The poem states “At every step you missed, my right ear scraped a buckle”, which can be interpreted as an innocent dance between a child and his drunk father. However, this stanza can actually be understood that the “dance” isn’t all fun and games for the boy, as he’s getting pretty scratched up. The boy is scared of upsetting his father, which is why he still insists on continuing to dance with his tipsy father despite his father constantly hurting him. In the early 20th century, it was common for a father to discipline his kids by beating them with a belt. Punishment like that isn’t explicitly shown in this poem, but the same belt could’ve been used to discipline the boy as well.
The Battered Children Syndrome was a big issue during the 1940s-1950s, in which many children suffered from a set of symptoms, injuries, and signs of mistreatment seen on severely or repeatedly abused children. During this time period, it was common for children to get abused by their fathers or male relatives due to the massive amount of power men held in their homes and society. Battered children’ or ‘non-accidental injury’ had been identified by pediatricians from the 1950s. It became a major policy issue of the 1960s and 70s, though more associated with the actions of mothers than fathers or other male relatives. So, child abuse was a massive issue during the 1940s-1950s, which explains how the father’s behavior might be a norm for the child and even the mother. In the poem, it indicates how the mother/wife was not happy, due to the mess her husband was making in the kitchen but kept silent out of fear and submission.
In the third stanza, the speaker illustrates how his father manhandles him throughout the dance. “The hand that held my wrists/was battered on one knuckle”, these lines show the roughness and severeness of his father’s grip on his wrist instead of a steady and rhythmic posture that customary partners should. The father’s battered knuckle symbolizes the effect of the beating that takes place and the aggression that Roethke’s father has towards the child. The interpretation in stanza four also allows us to sense the indication of the beating,” You beat time on my head/with a palm caked hard by dirt “, in which we see more of the father’s roughness during this “waltz”. The word “beat” has a negative connotation, which refers to the beating of the child because you can “keep” time more than you can beat to it, but “ beat” has a more pessimistic undertone. Throughout the poem, Roethke’s leaves us to interpret the poem as a memory of his terrible childhood.

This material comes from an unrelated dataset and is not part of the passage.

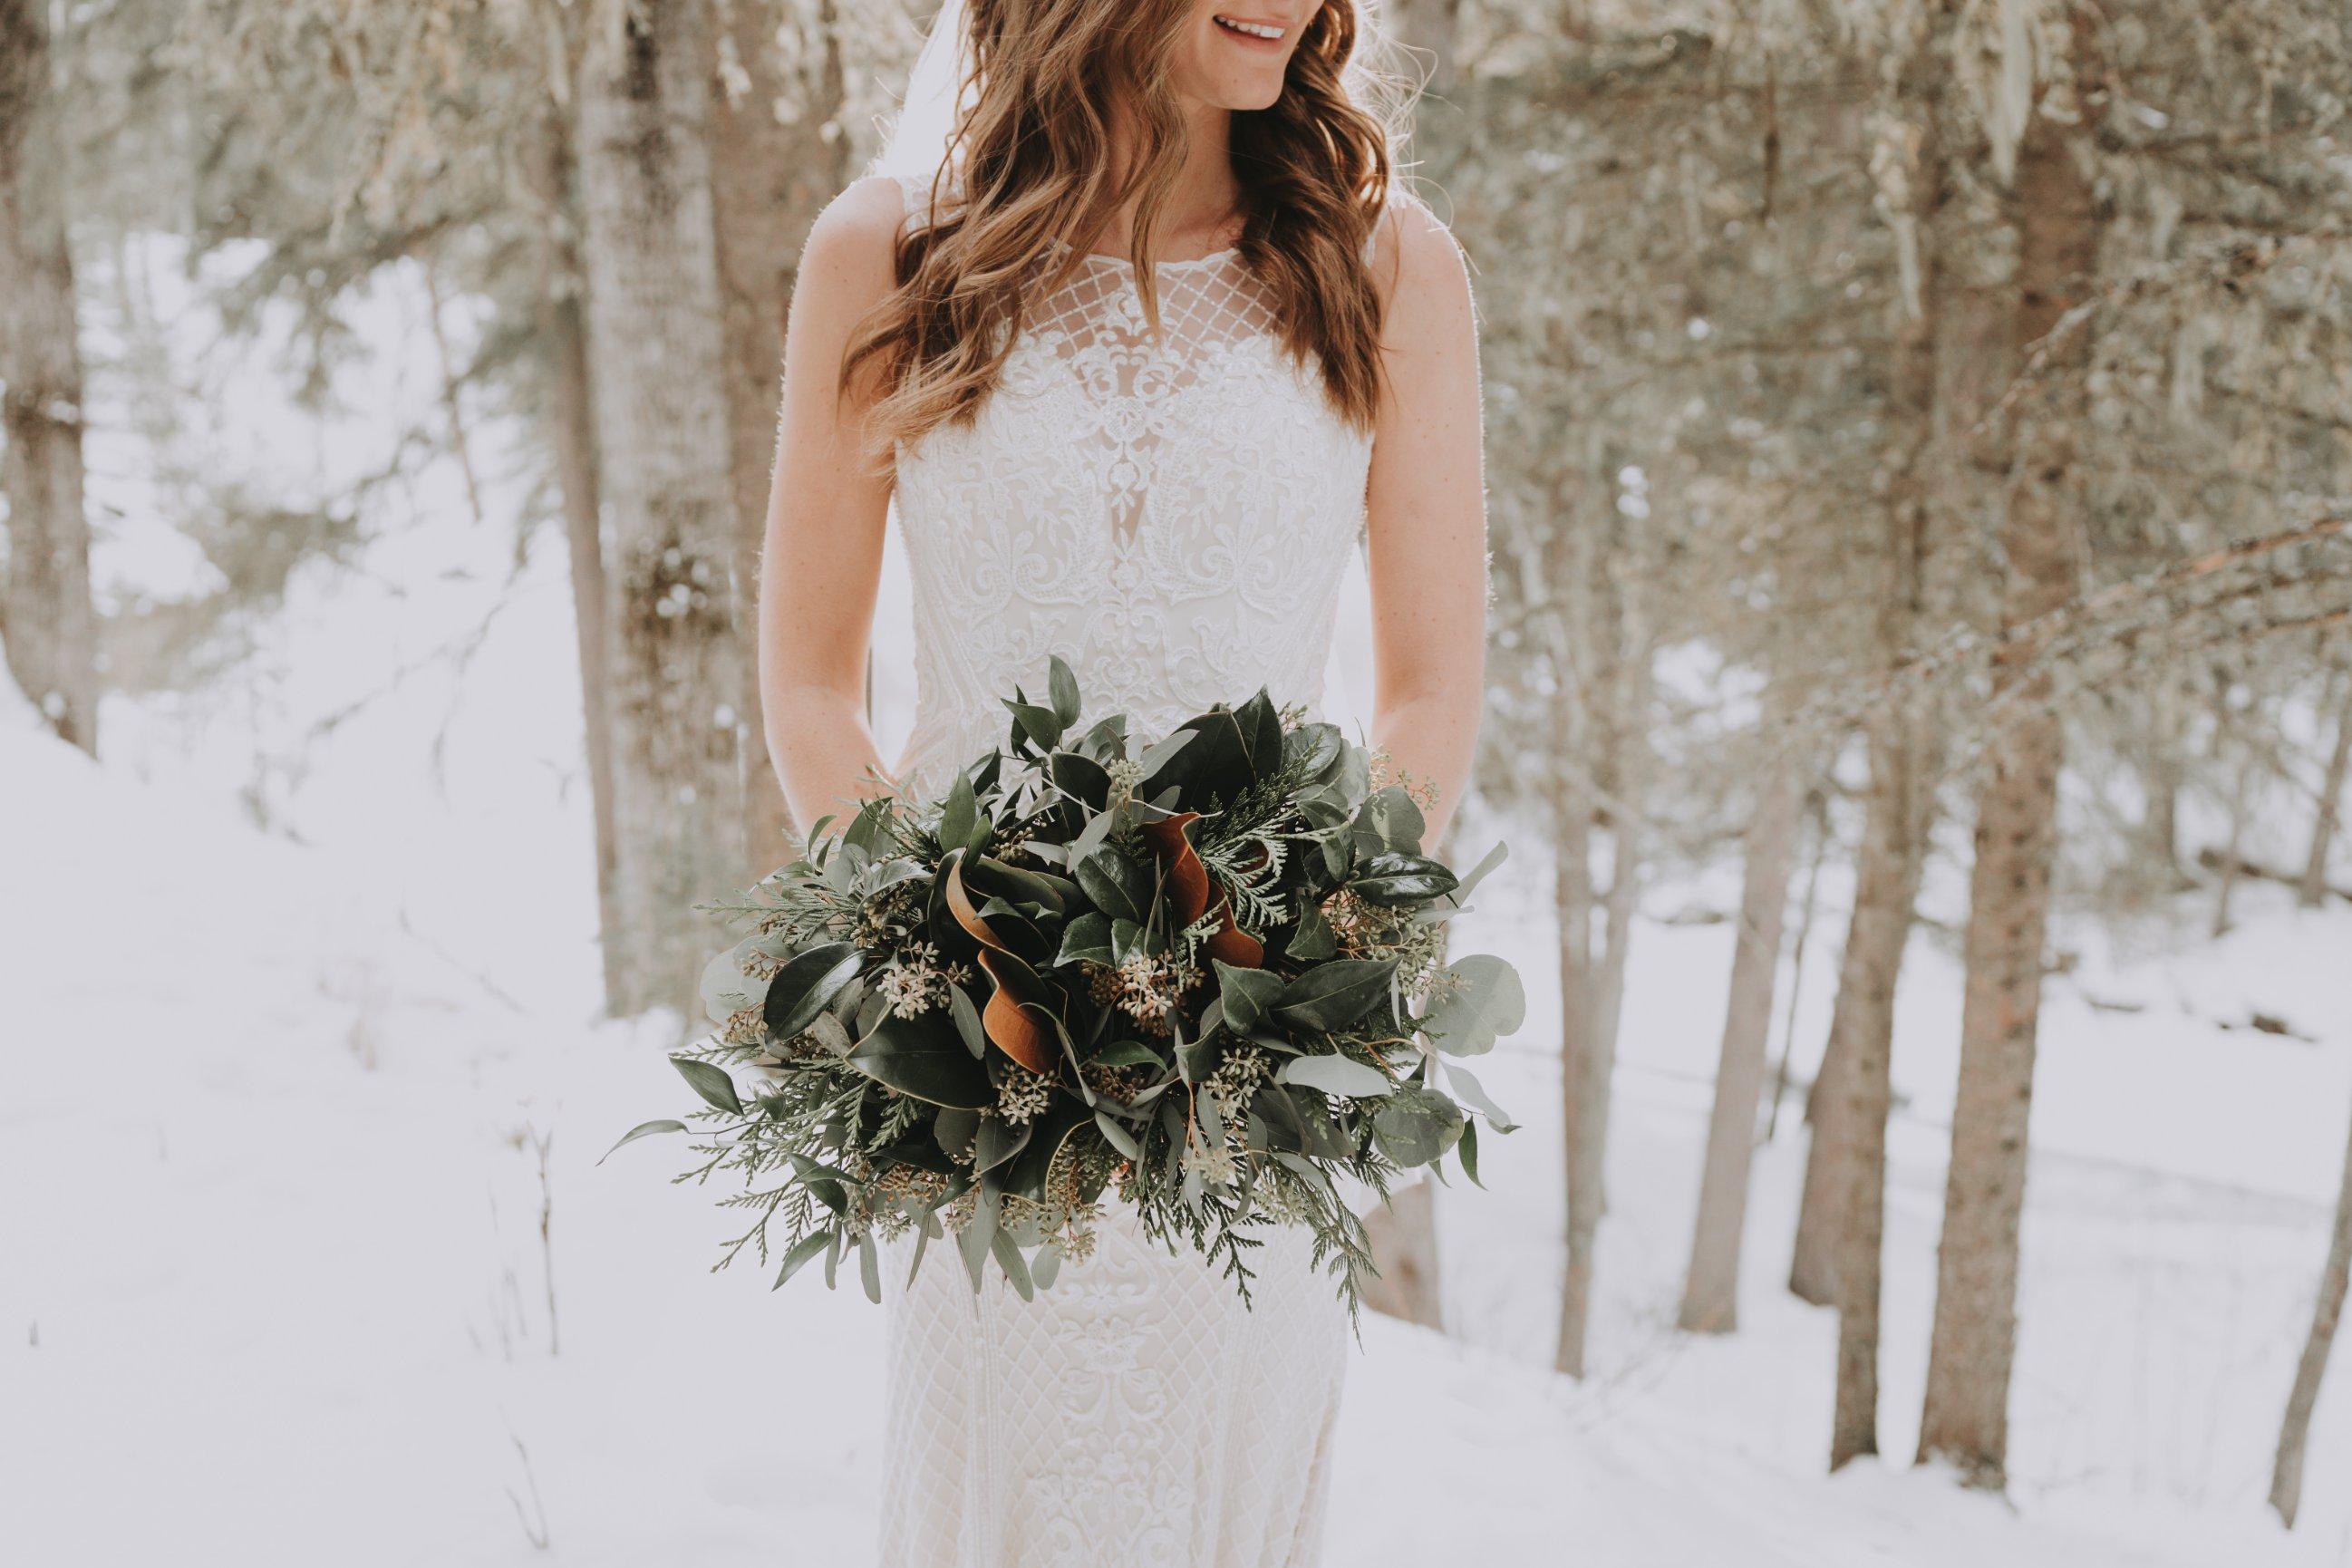 Winter Bridal Bouquets

The poem follows a simple ABAB rhyme scheme, which means that it follows a classic five-beat pattern of rhythm. The poem has such an upbeat and joyful beat that it disguises the horrid truth. The horrid truth of a little innocent boy who takes a look back at a domestic part of his childhood where his drunkard of a father consistently abuses him. The speaker uses words and phrases like “romped” and “ I hung on like death” that secretly indicate the domestic violence and sense of fear that the child partakes in throughout the poem. For example, when the speaker states “Such waltzing was not easy”, it specifies how the roughness of the “waltz” was so violent that the pots and pans begin to fall to the floor in the kitchen. The series of imagery used to communicate the themes and the overall context of the play was very beneficial. Many of the images conveyed theme of power, violence, and dominance.